((
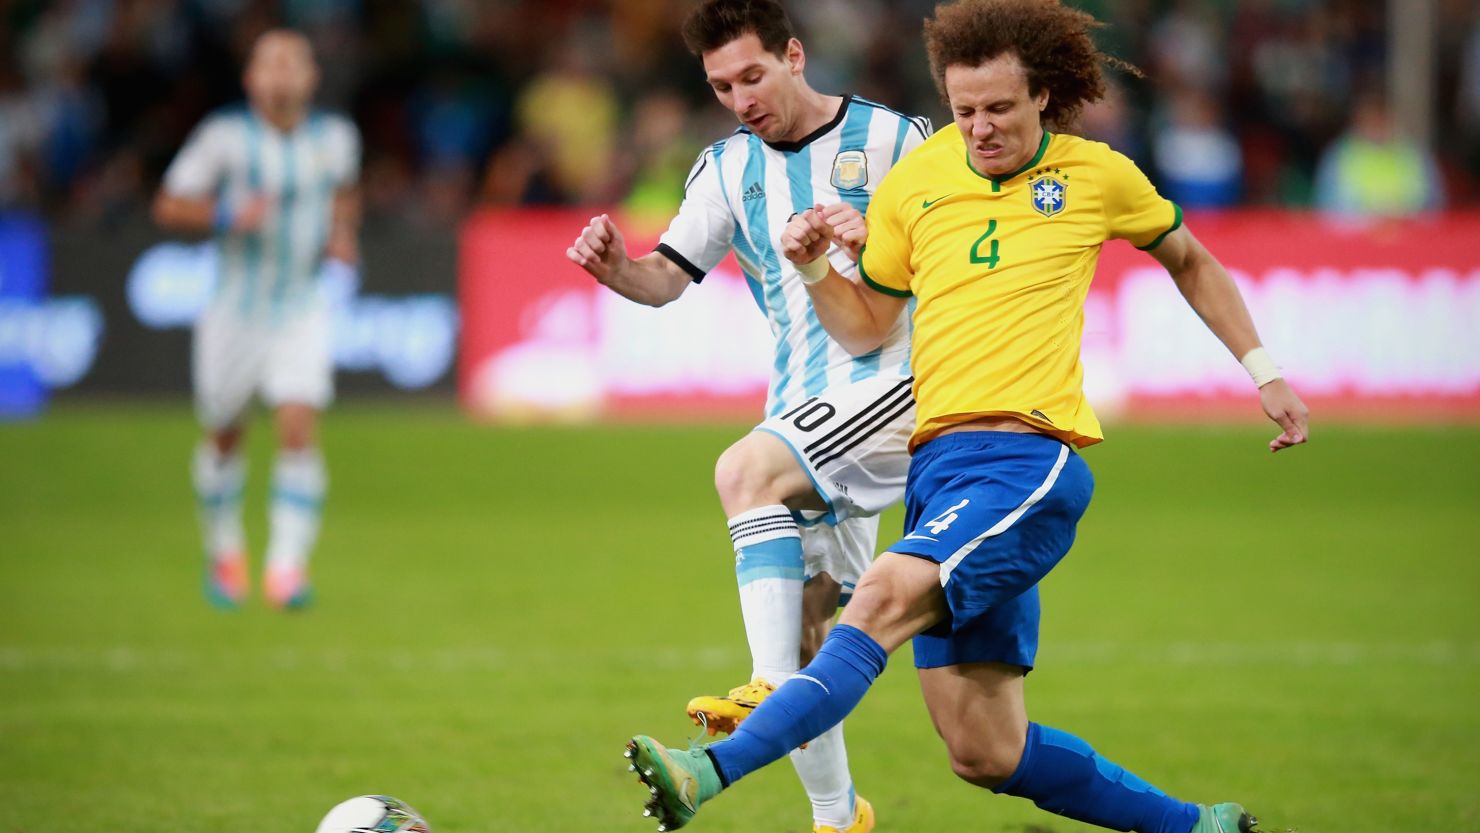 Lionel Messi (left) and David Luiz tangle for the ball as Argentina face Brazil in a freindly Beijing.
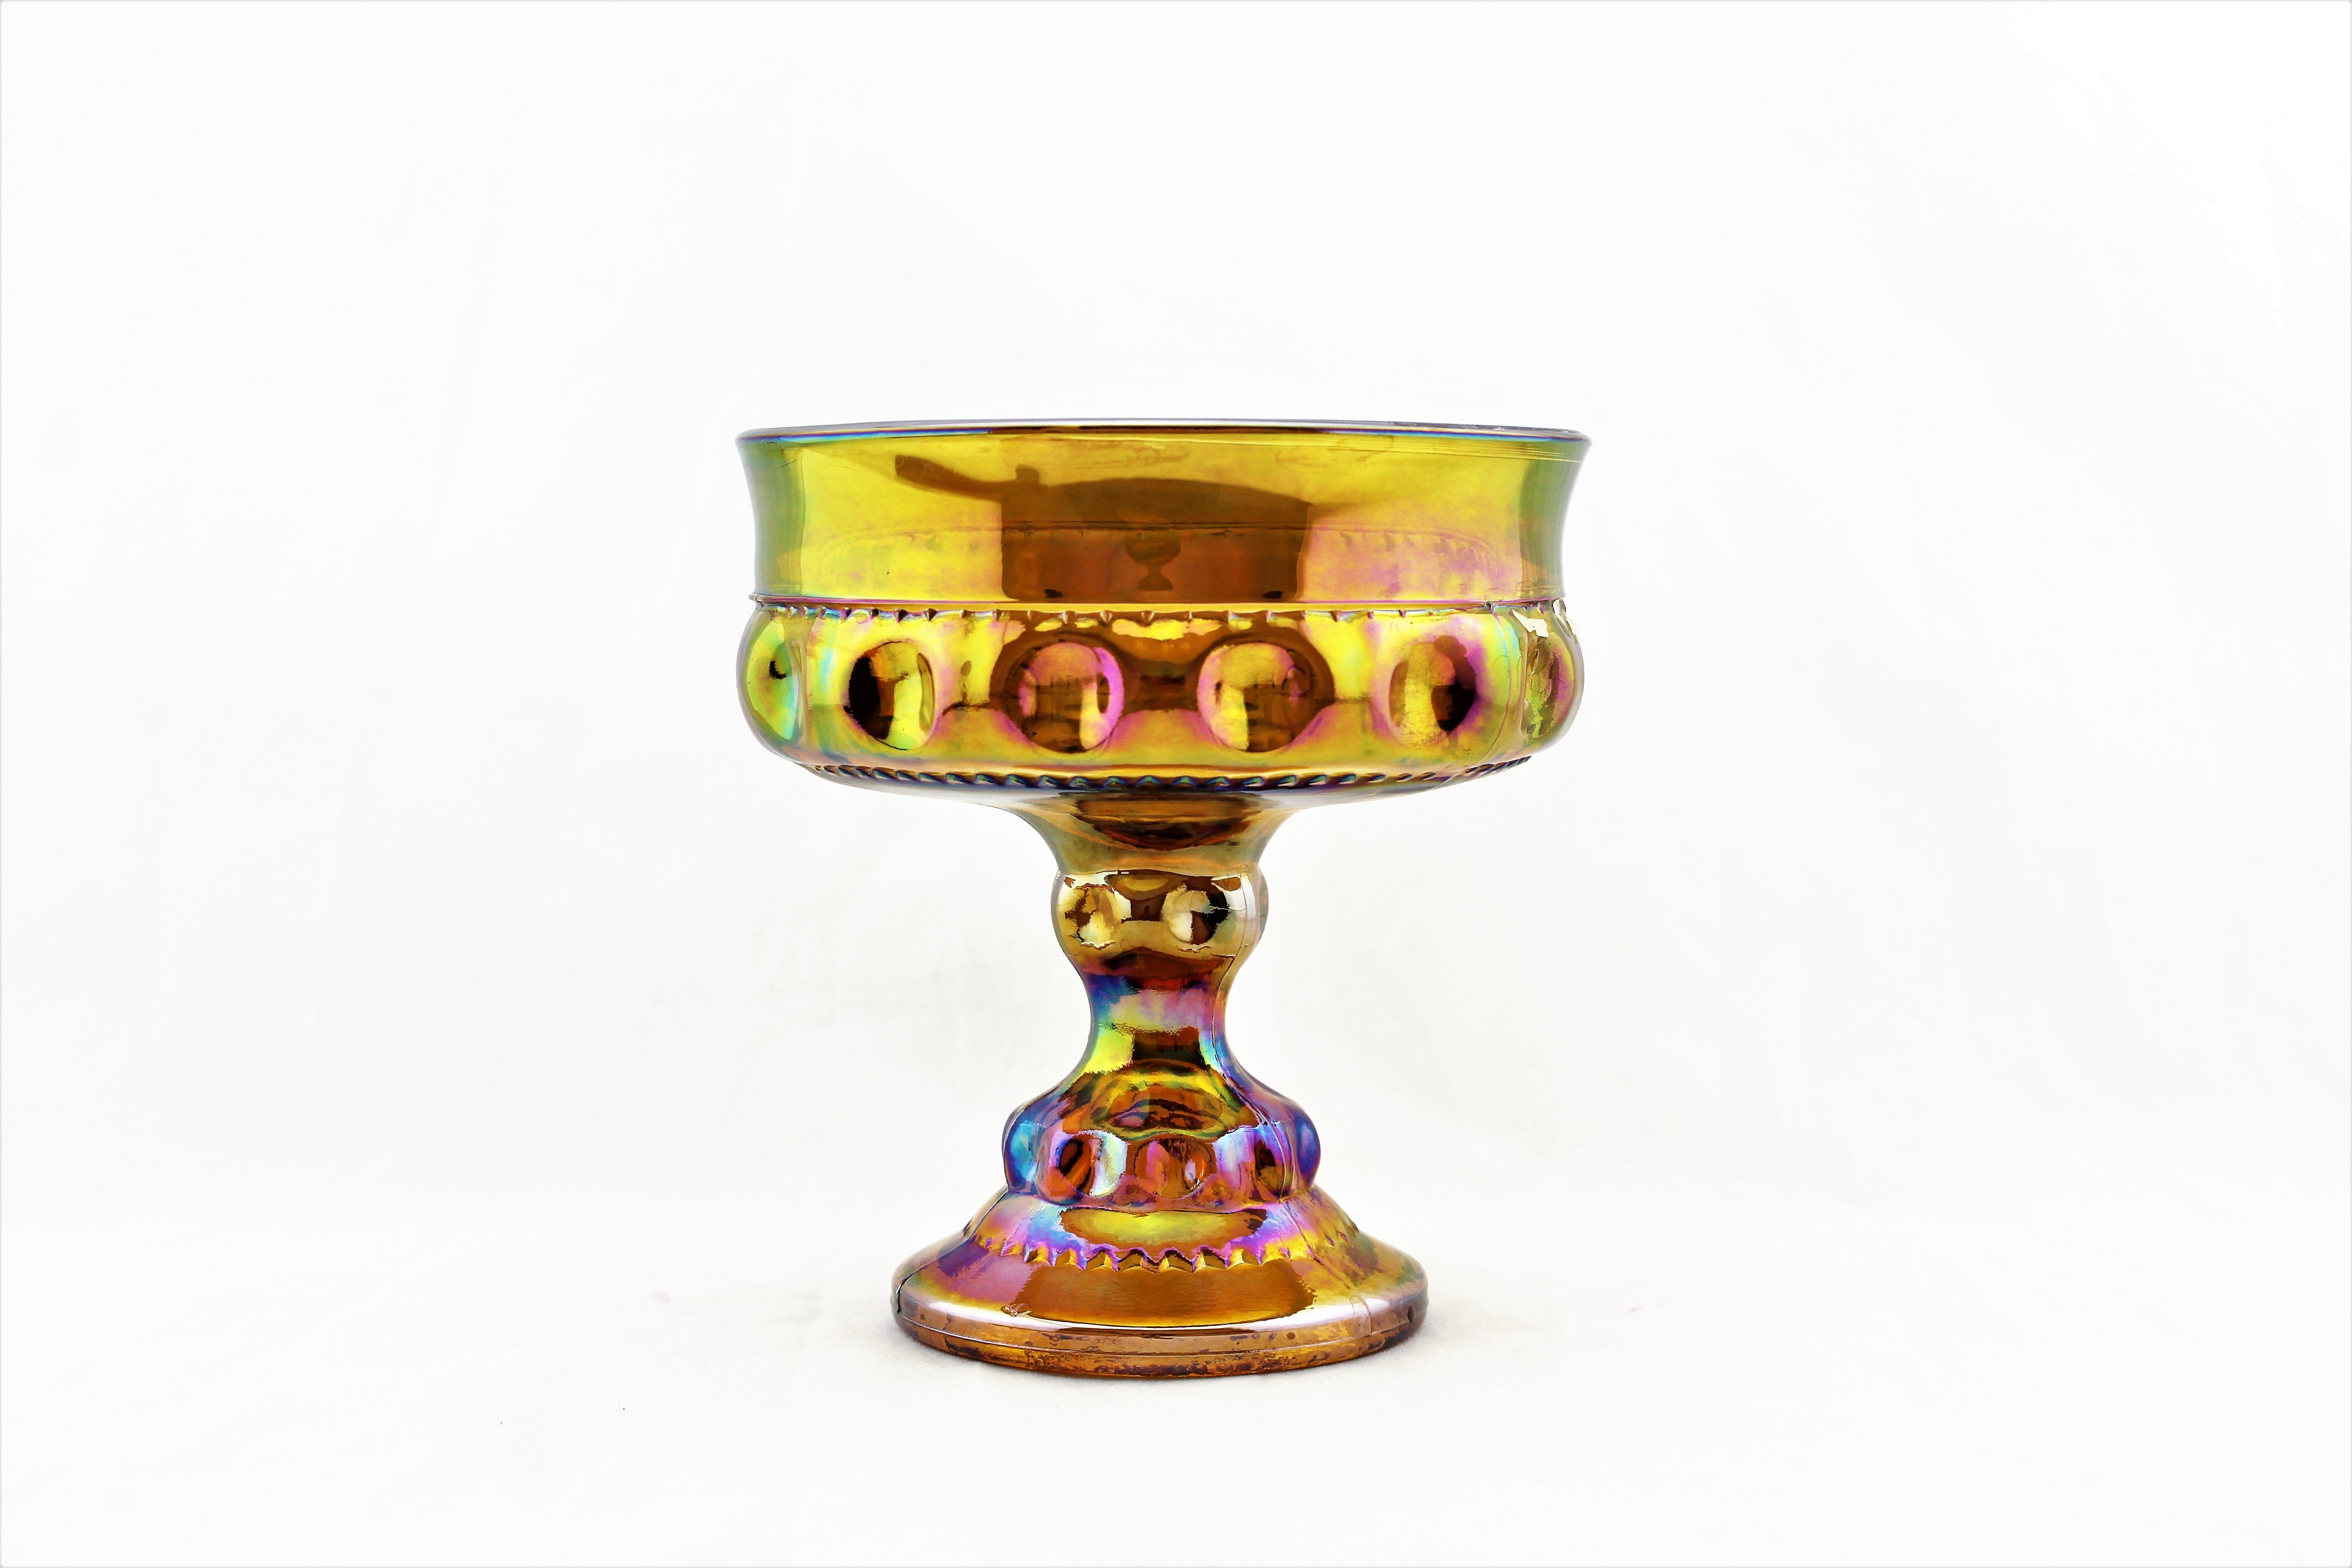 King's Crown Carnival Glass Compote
))
((
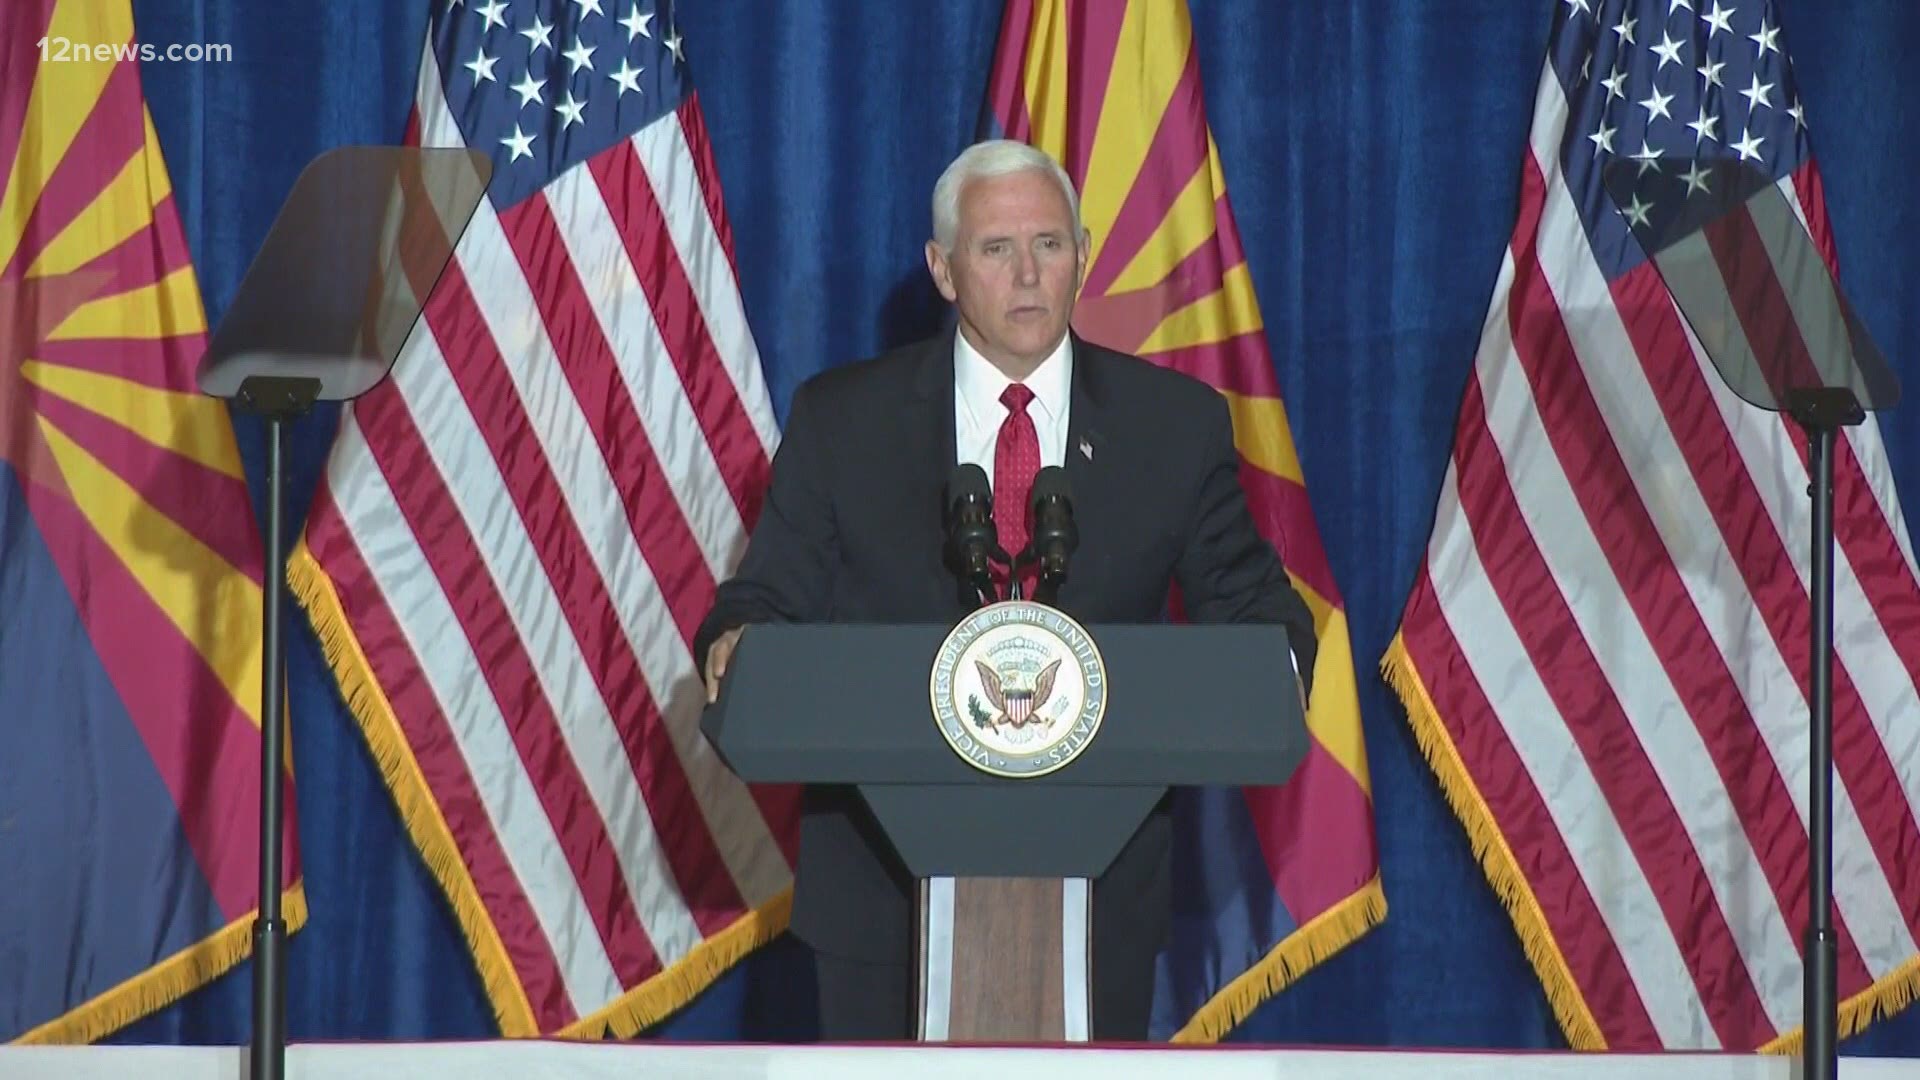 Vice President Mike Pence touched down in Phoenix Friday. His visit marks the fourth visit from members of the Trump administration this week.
))
* **What is required**: From the records above, extract the lines from the one holding "Lionel Messi (left)" through the one holding "King's Crown Carnival Glass Compote", word for word; omit the pictures.

* **Response to the exercise**:
 Lionel Messi (left) and David Luiz tangle for the ball as Argentina face Brazil in a freindly Beijing.
 King's Crown Carnival Glass Compote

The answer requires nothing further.